- Developer: Matt Ginsberg
- Type: Crossword software

= Dr.Fill =

Computer program

Dr.Fill is a computer program that solves American-style crossword puzzles. It was developed by Matt Ginsberg, who described it in the Journal of Artificial Intelligence Research. Ginsberg claims in that article that Dr.Fill is among the top fifty crossword solvers in the world.

==History==
Dr.Fill participated in the 2012 American Crossword Puzzle Tournament, finishing 141st of approximately 650 entrants with a total score of just over 10,000 points. It received coverage in the popular press, including The Economist, the San Francisco Chronicle, Gizmodo, and the front page of the March 17, 2012 New York Times.

Dr.Fill continued to place higher in subsequent tournaments, scoring 10,550 in 2013 (92nd place) and 10,790 in 2014 (tied for 67th). Recordings of its solving sessions from both tournaments, including a talk by Ginsberg on its 2014 performance, are on YouTube.

Its results kept improving after 2014, reaching 10,920 (55th, 2015), 11,205 (41st, 2016) and 11,795 (11th, 2017), before dropping to 10,740 (78th) in 2018 and returning to "form" with 11,795 (14th) in 2019.

The 2020 ACPT was cancelled due to COVID-19, so Dr.Fill competed as a non-competitor in the Boswords tournament instead, outscoring the humans 11,218 to 10,994 despite making one mistake to their zero.

The 2021 ACPT was held virtually, again due to COVID-19. Joined by the Berkeley NLP Group as the hybrid Berkeley Crossword Solver, Dr.Fill won the main event with 12,825 points, ahead of the highest-scoring human, Erik Agard, on 12,810. The championship playoff was won by Tyler Hinman (12,760 points), who solved the puzzle perfectly in three minutes to Dr.Fill's 49 seconds.

After winning the tournament, Ginsberg announced on August 8, 2021, that both he and Dr.Fill would be retiring from crosswords.

==Algorithm==
As described by Ginsberg, Dr.Fill works by converting a crossword to a weighted constraint satisfaction problem and then attempting to maximize the probability that the fill is correct. Probabilities for individual words or phrases are computed with statistical techniques based on features such as prior appearances of the clue and the number of Google hits for the fill. In this respect Dr.Fill tackles a problem similar to the one solved by the Jeopardy!-playing program Watson. It runs on a laptop rather than a supercomputer, and Ginsberg remarks that Watson is far more effective at this part of the task. Instead of computational horsepower, Dr.Fill relies on the constraints provided by crossing words to refine its answers.

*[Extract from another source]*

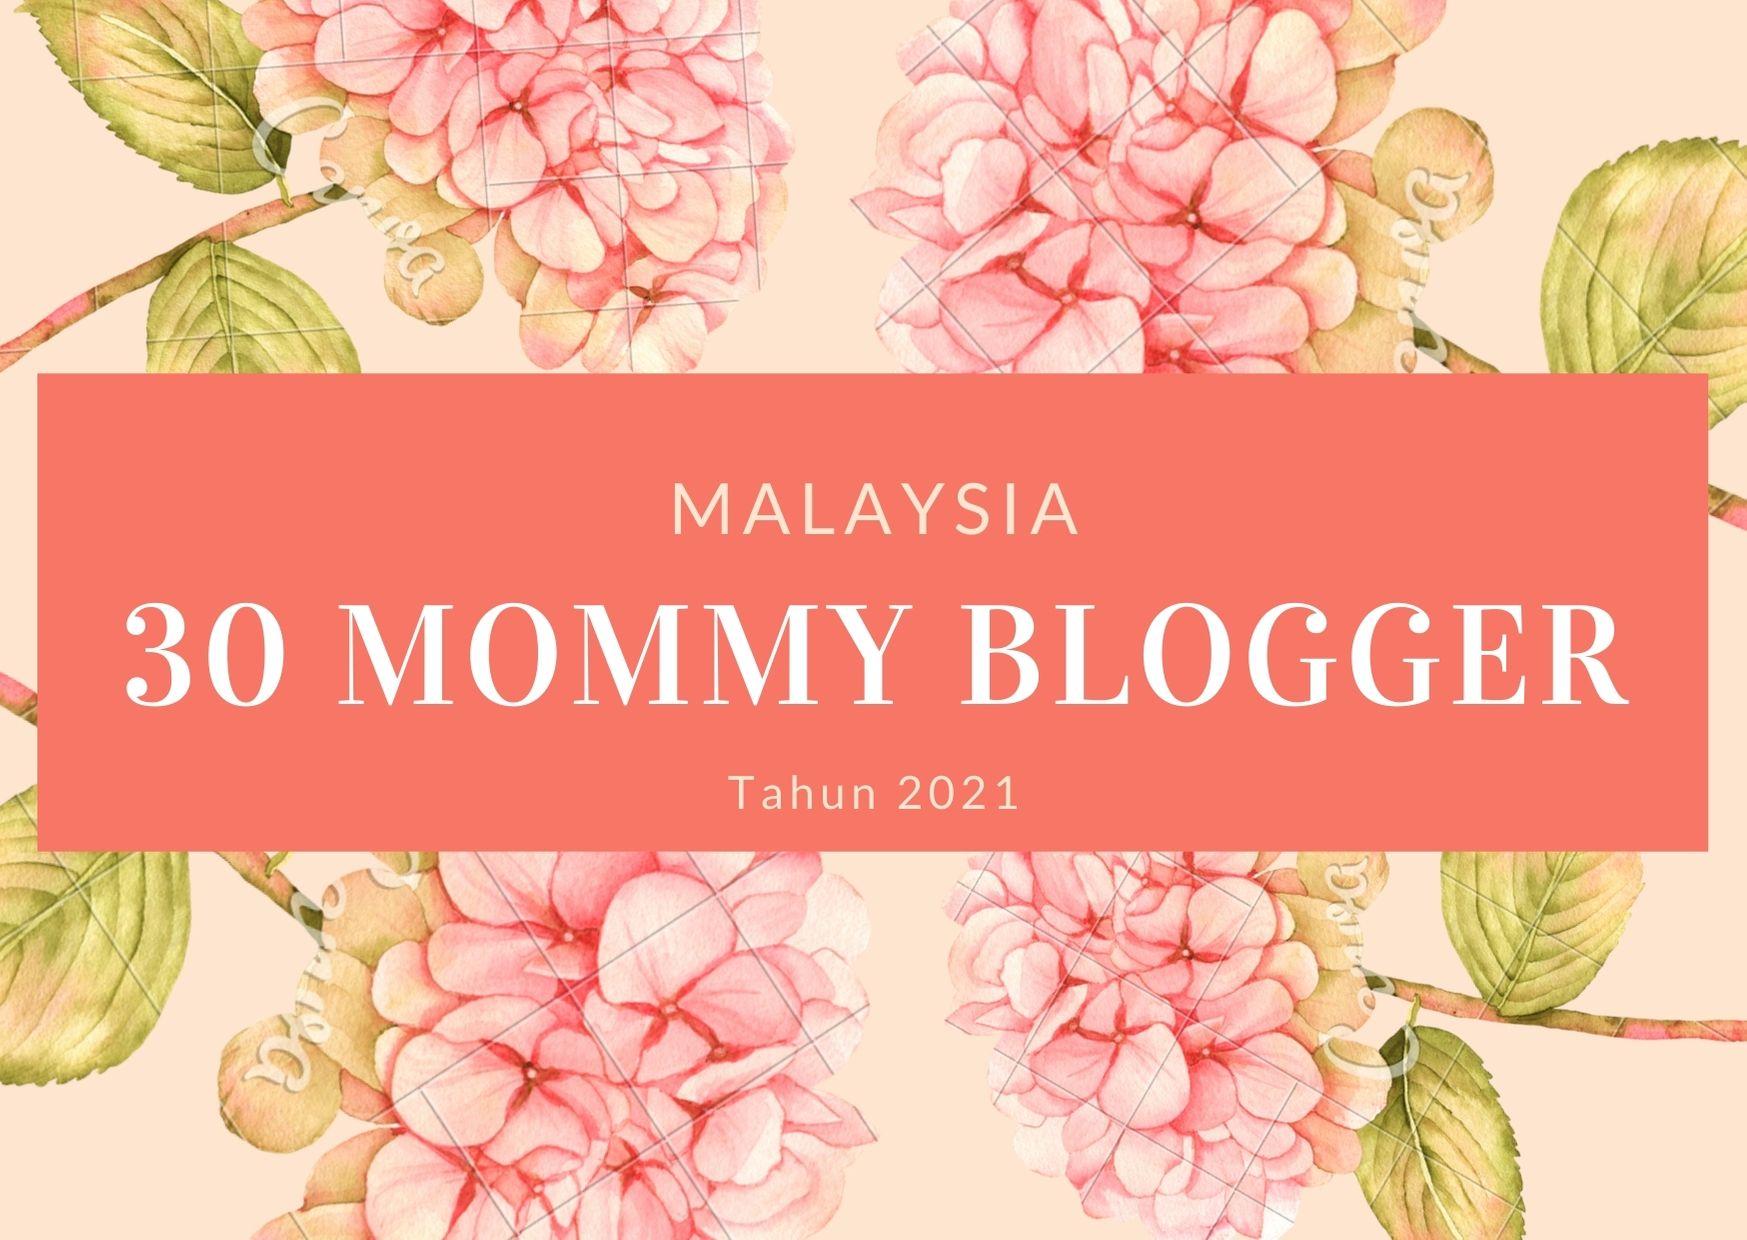 malay kol malay parenting mommy blog malaysia

A variety of artificial intelligence techniques are applied to find the most likely fill, including a small amount of lookahead, limited discrepancy search, and postprocessing. Ginsberg chose postprocessing over branch and bound because the two techniques are mutually incompatible and postprocessing proved more effective in this domain.

Following Dr.Fill's retirement, later research explored solving crossword clues directly with large language models instead of an explicit constraint-satisfaction search, reporting competitive results without a dedicated grid-search algorithm.